Cuando queríamos ser indios Aroa Moreno Durán
La matraca resucita de tanto en tanto. Algún derechista moderado o centrista centrípeto acusa a un gobierno (dizque de izquierdas) de alentar el guerracivilismo. Que si la reapertura de las heridas, que si echarle gasolina a la candela de la crispación. De tanto en tanto —digo— en alguna parte entrevistan a algún prócer con cataratas que dice que nunca había visto tanta polarización y que, en menos de lo que canta un gallo, el Estado de derecho saltará por los aires a cuento de una minucia. Asintiendo, los comentaristas más corajudos afilan sus plumines: oh España, nación cainita, duelo a garrotazos, eterna rivalidad de rojos contra azules.
Por más que la deflagración parezca inminente, la caldera nunca termina de reventar. Sospecho que el manómetro andará averiado. Eso, o que nos den el premio al pueblo más pastueño de la tierra. Lo pensaba el otro día a propósito de los cribados: me extraña que nadie se haya tomado la justicia por su mano. ¿Violencia? ¡Caca! No quiero dar ideas, lo juro: pero uno se imagina enterándose de que un familiar o uno mismo no llega a las uvas a cuenta de las triquiñuelas sanitarias de un consejero partidario de la colaboración público-privada… y lo de las Torres Gemelas puede parecerle una chiquillería.
Fíjense: con la de deudos que hay en Valencia, Mazón ha conseguido hacer mutis sin más daños que un par de gritos bien entonados. Hasta Trillo, el del Yak 42, anda presentando sus memorias sin que nadie le haya tocado un pelo, y eso que sus víctimas llevan pistolón.
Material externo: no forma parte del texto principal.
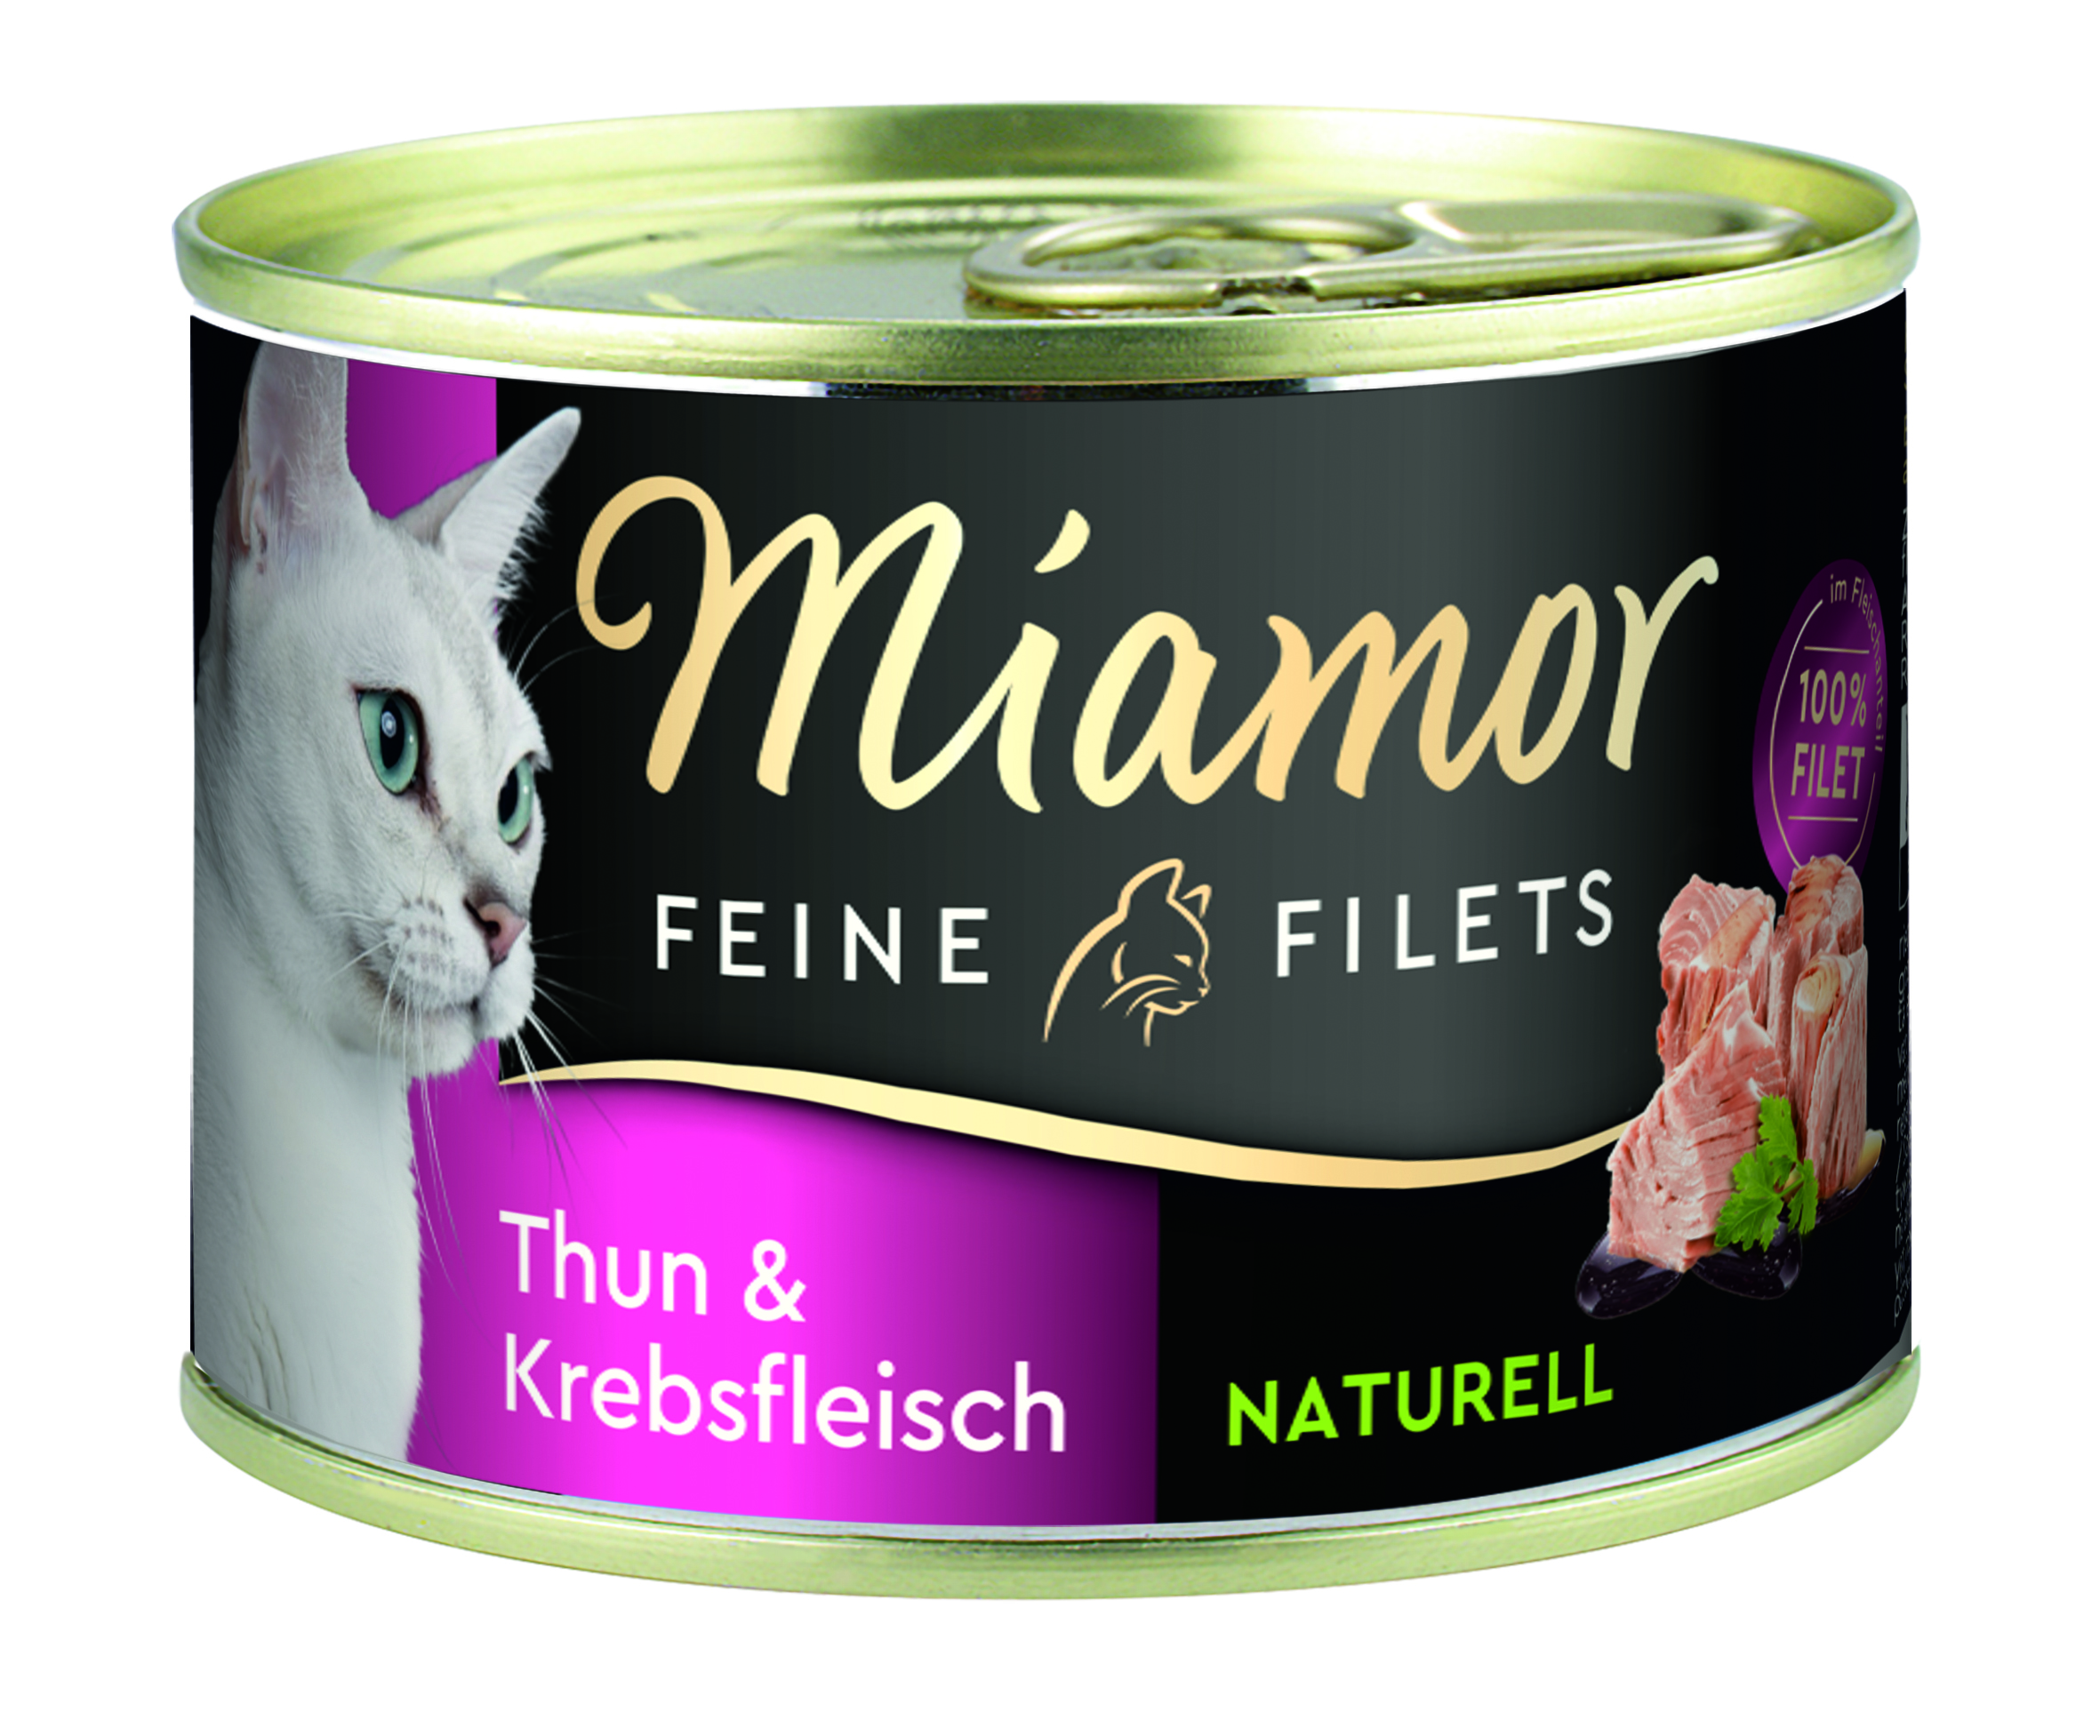 Miamor Feine Filets Naturell Thunfisch & Krebsfleisch 156g Dos

Por supuesto, me alegra vivir en un país donde mis conciudadanos no resuelven sus diferencias a navajazos y en el que, hasta los que saben que tienen todo el aparato del Estado en su contra, esperan pacientemente a que la justicia no les haga lo propio.
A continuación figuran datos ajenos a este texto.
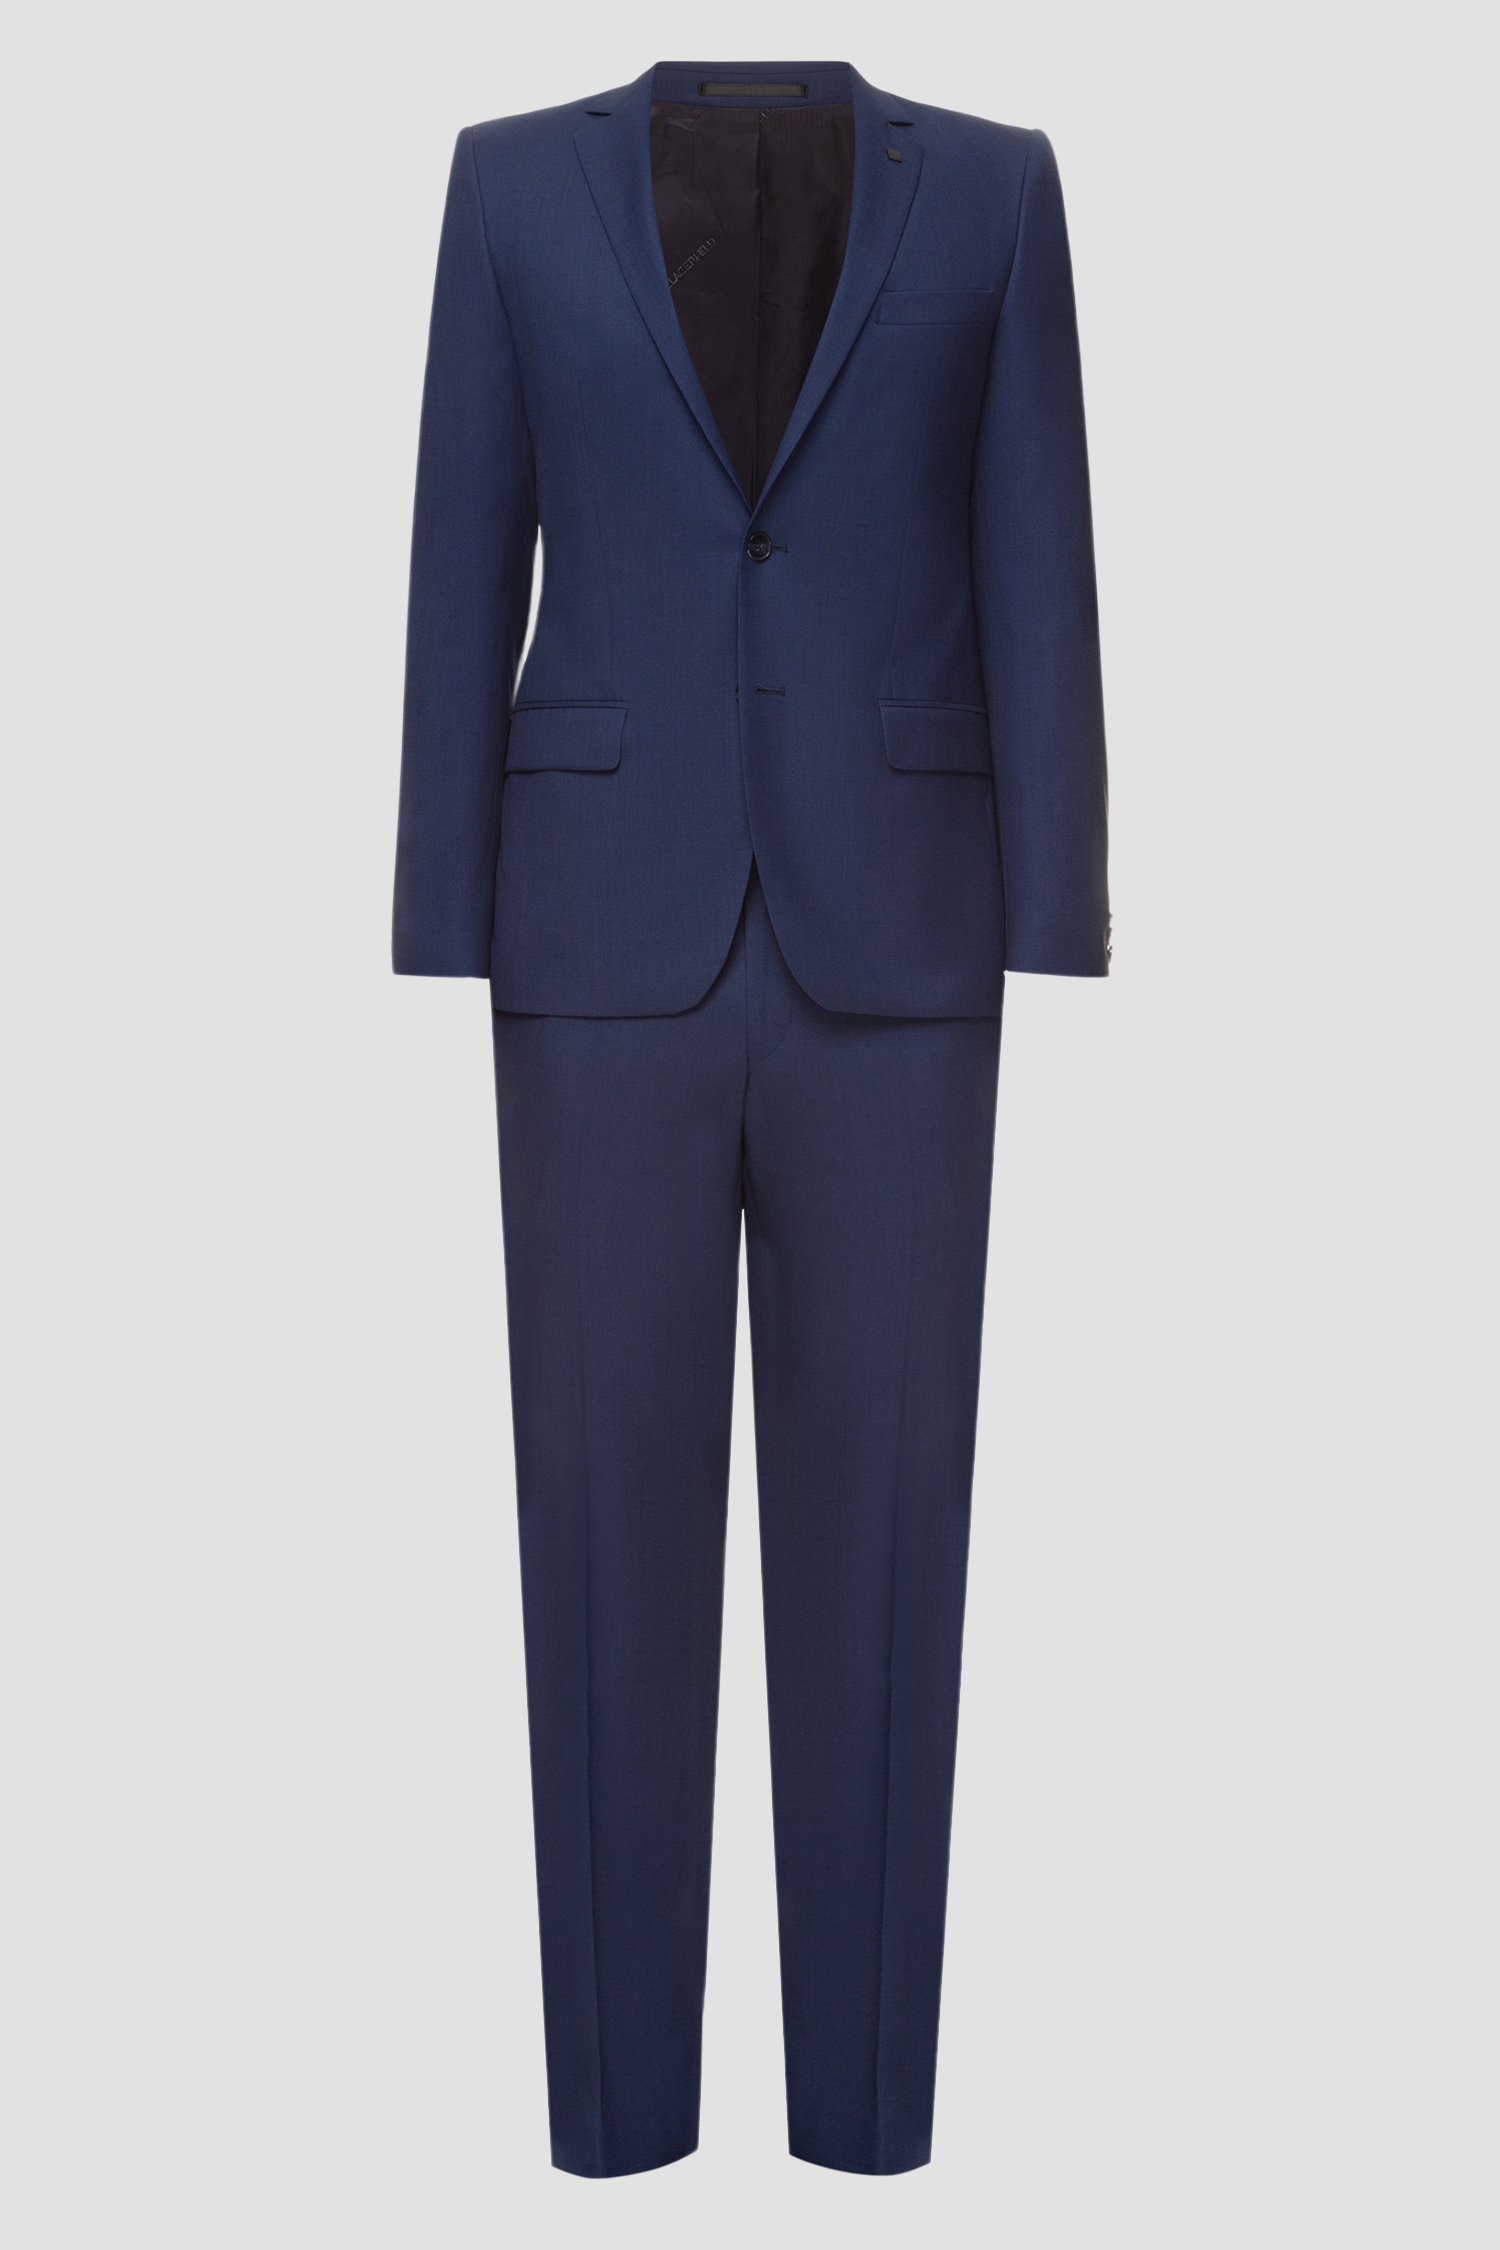 Мужской синий костюм (пиджак, брюки) Karl Lagerfeld 591072.105200;670

Si me preguntan, prefiero vivir en un país donde los dictadores no conservan intactos los monumentos que erigieron a su propia gloria
A la luz de la realidad, convendría (¡quizás!) rebuscar un poco de vergüenza entre los cojines del sofá y hallar una mejor cantinela con la que ganarse el jornal en las tertulias y los parlamentos. Imagino que mis anhelos están infundados: acaba de presentarse el plan de remodelación con el que adecentar Cuelgamuros y los agoreros de siempre ensayan su canción. Que si qué manera de malgastar los dineros y que deje usted a los muertos en paz. Como nunca me he muerto, no sé si en la otra vida te importa mucho o poco compartir osario con esos amigables falangistas que te hubiesen fusilado; todos juntitos y revueltos en un mausoleo a mayor gloria del enemigo. Lo mismo es cierto que, en aquella orilla de la Estigia, te da igual uno que ochenta, pero entiendo que a los deudos, que aún no gozan del diazepam de la eternidad, el asunto les irrite una mijita.
Puede que, a estas alturas del siglo, una mayoría social de este país considere oportuno resignificar (ya me disculparán el palabro ortopédico) semejante falla de granito y que un soportal y dos sombras no sean la gota que falta para agarrar un fusil. Puede, incluso, que dejarlo tal como está (cincuenta años lleva así) tampoco nos obligue a matarnos. Si me preguntan, prefiero vivir en un país donde los dictadores no conservan intactos los monumentos que erigieron a su propia gloria. Habrá a quien le dé igual: pues que lo argumente, pero que no me vengan con la milonga de la crispación, no sea que sea esa la cantinela que nos ponga cardíacos.